Data section »
• • •
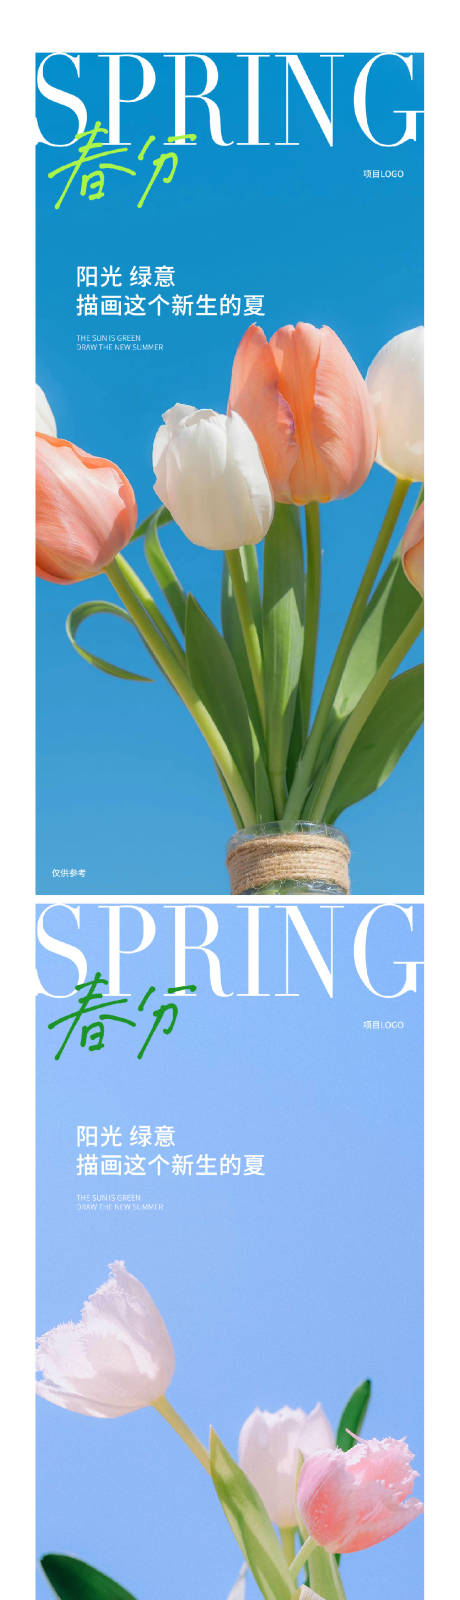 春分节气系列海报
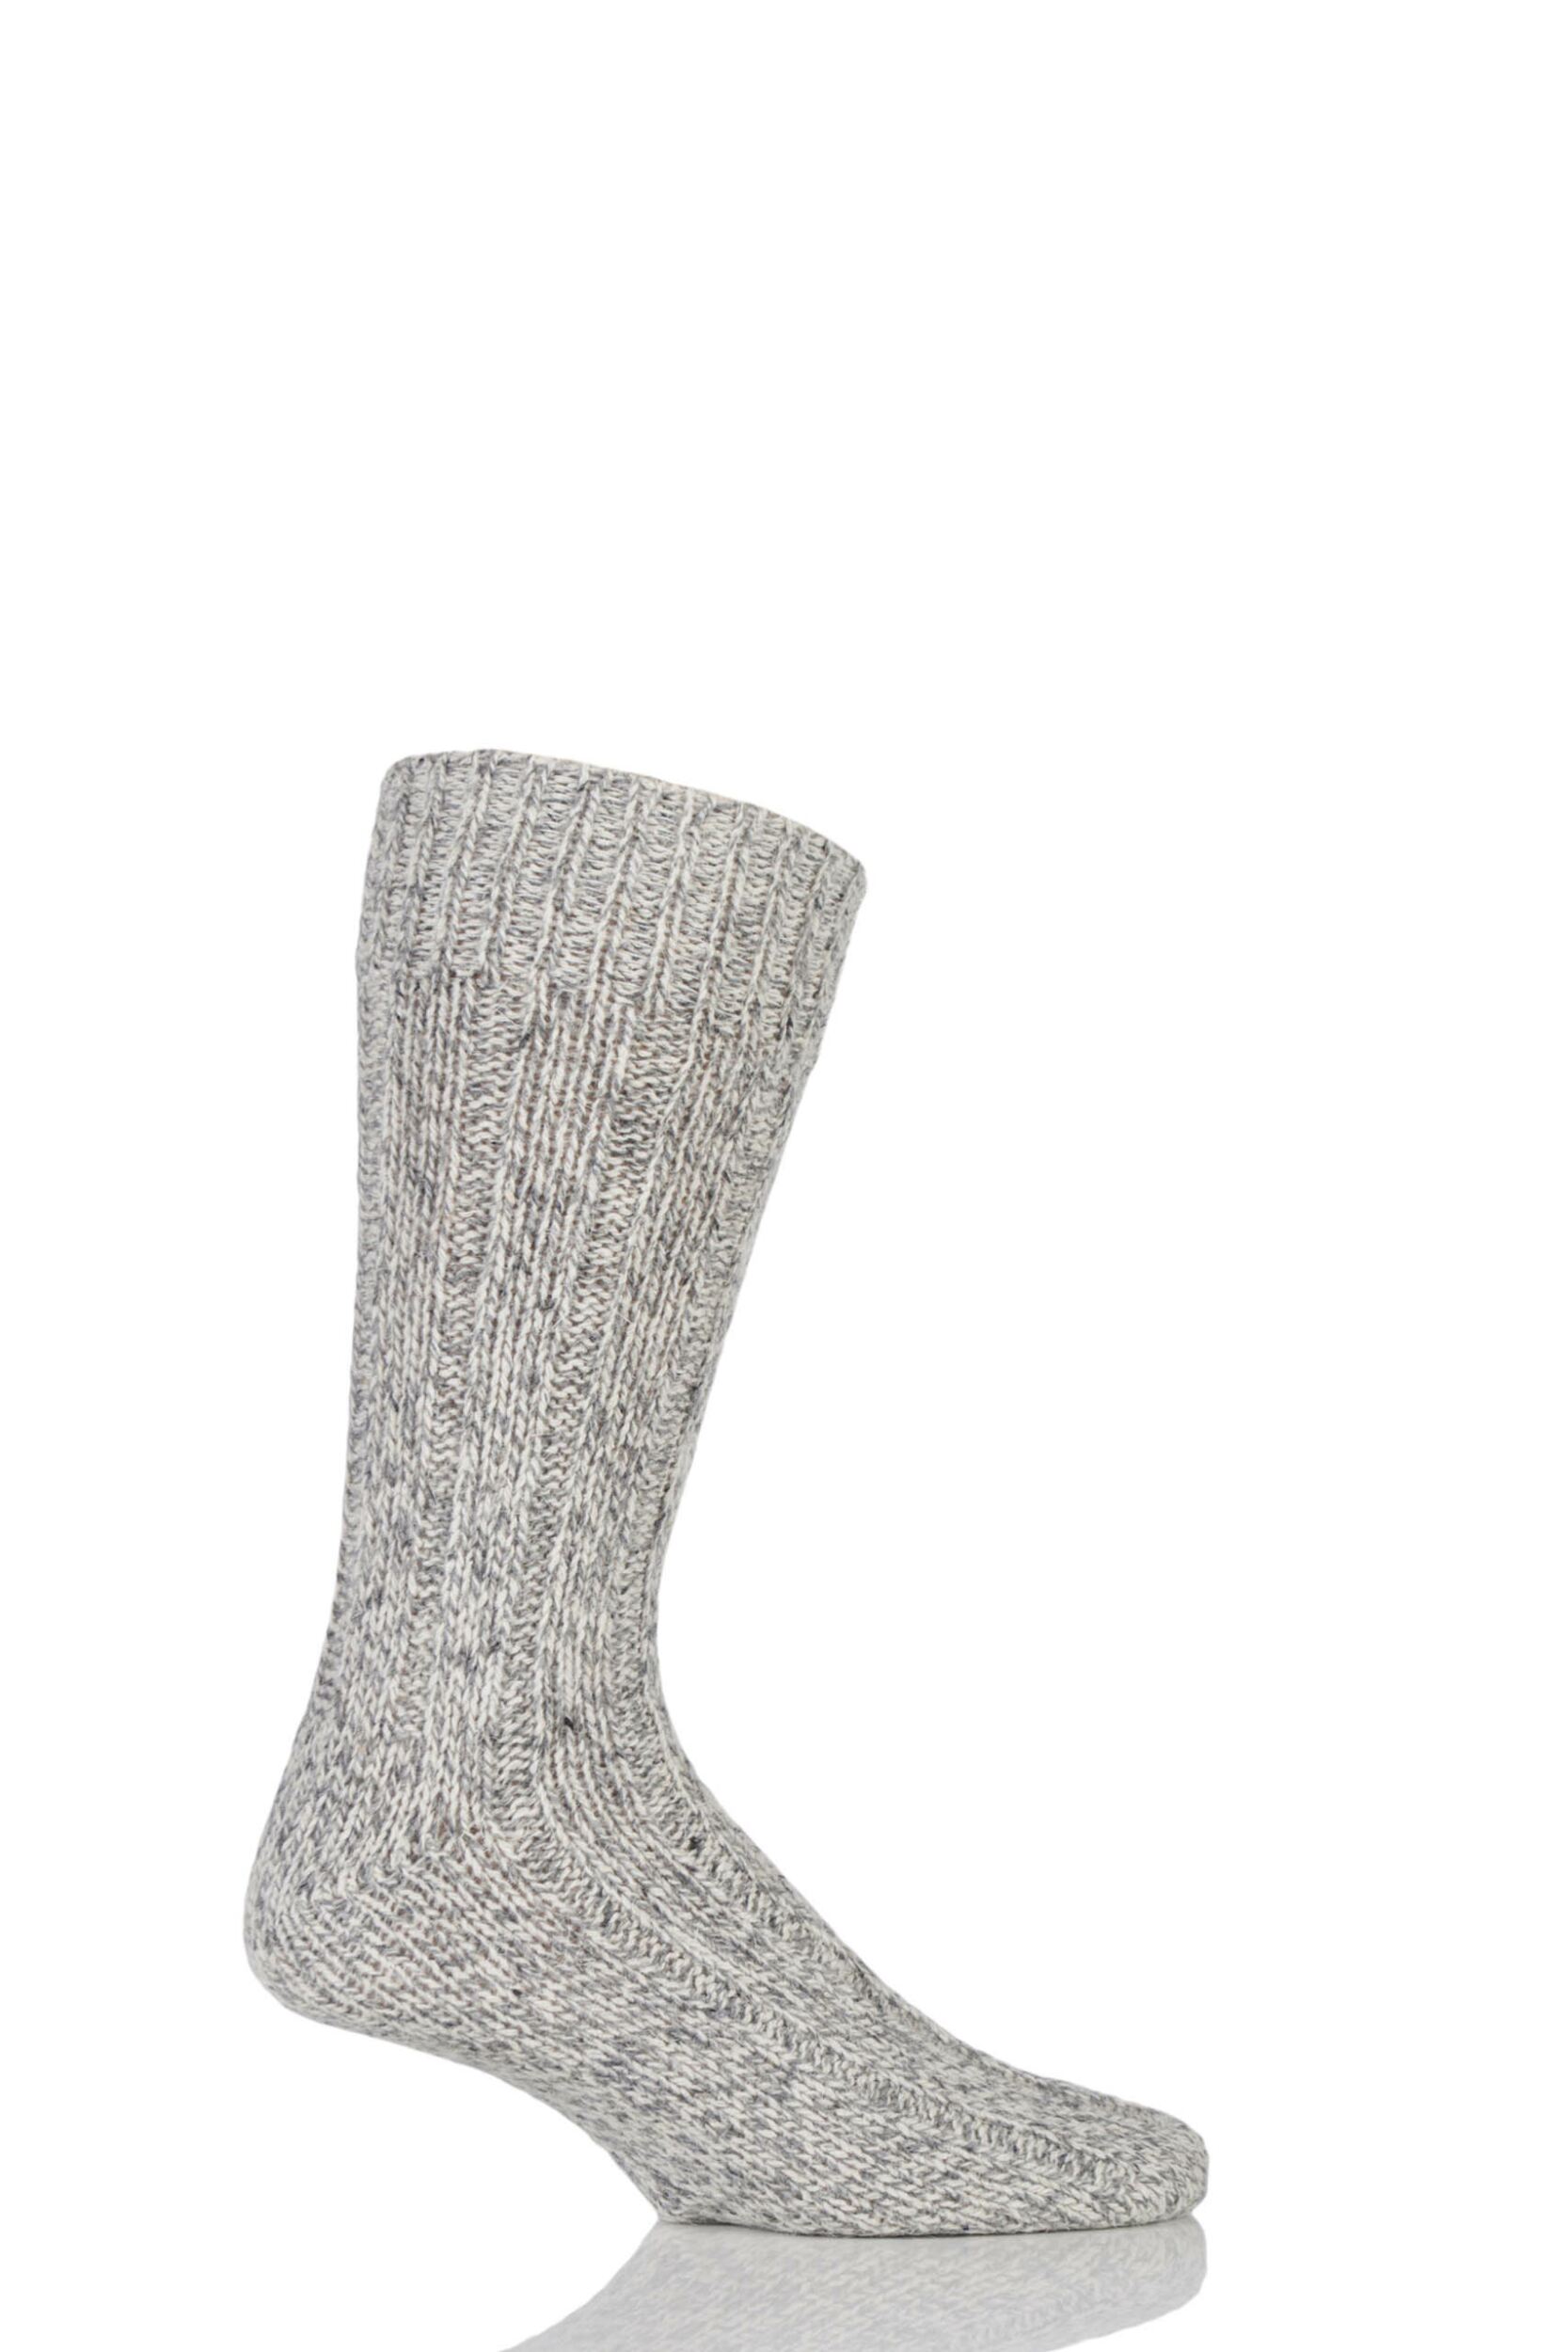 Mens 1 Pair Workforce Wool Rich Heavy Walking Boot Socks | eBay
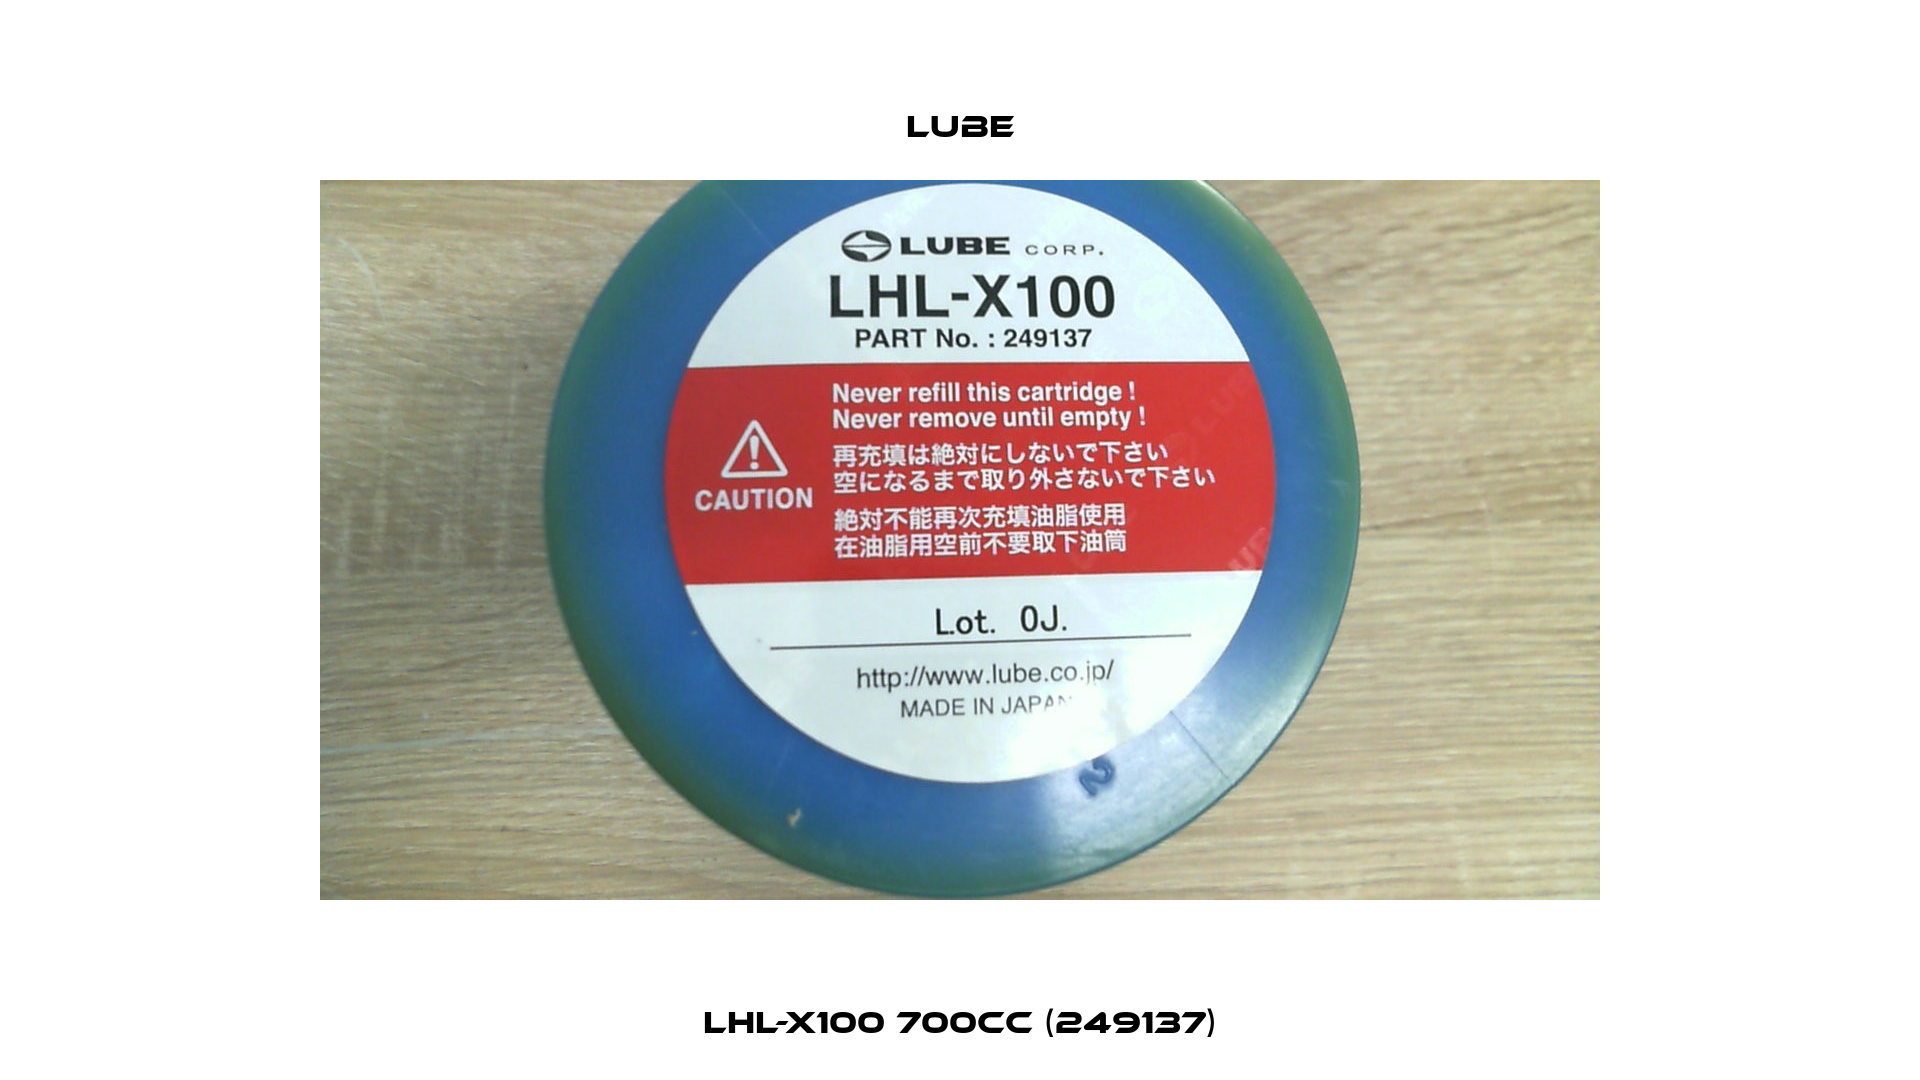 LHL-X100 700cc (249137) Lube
• • •
Your goal » Without including a single picture, restate all of the data word for word.

Response area »
 春分节气系列海报
 Mens 1 Pair Workforce Wool Rich Heavy Walking Boot Socks | eBay
 LHL-X100 700cc (249137) Lube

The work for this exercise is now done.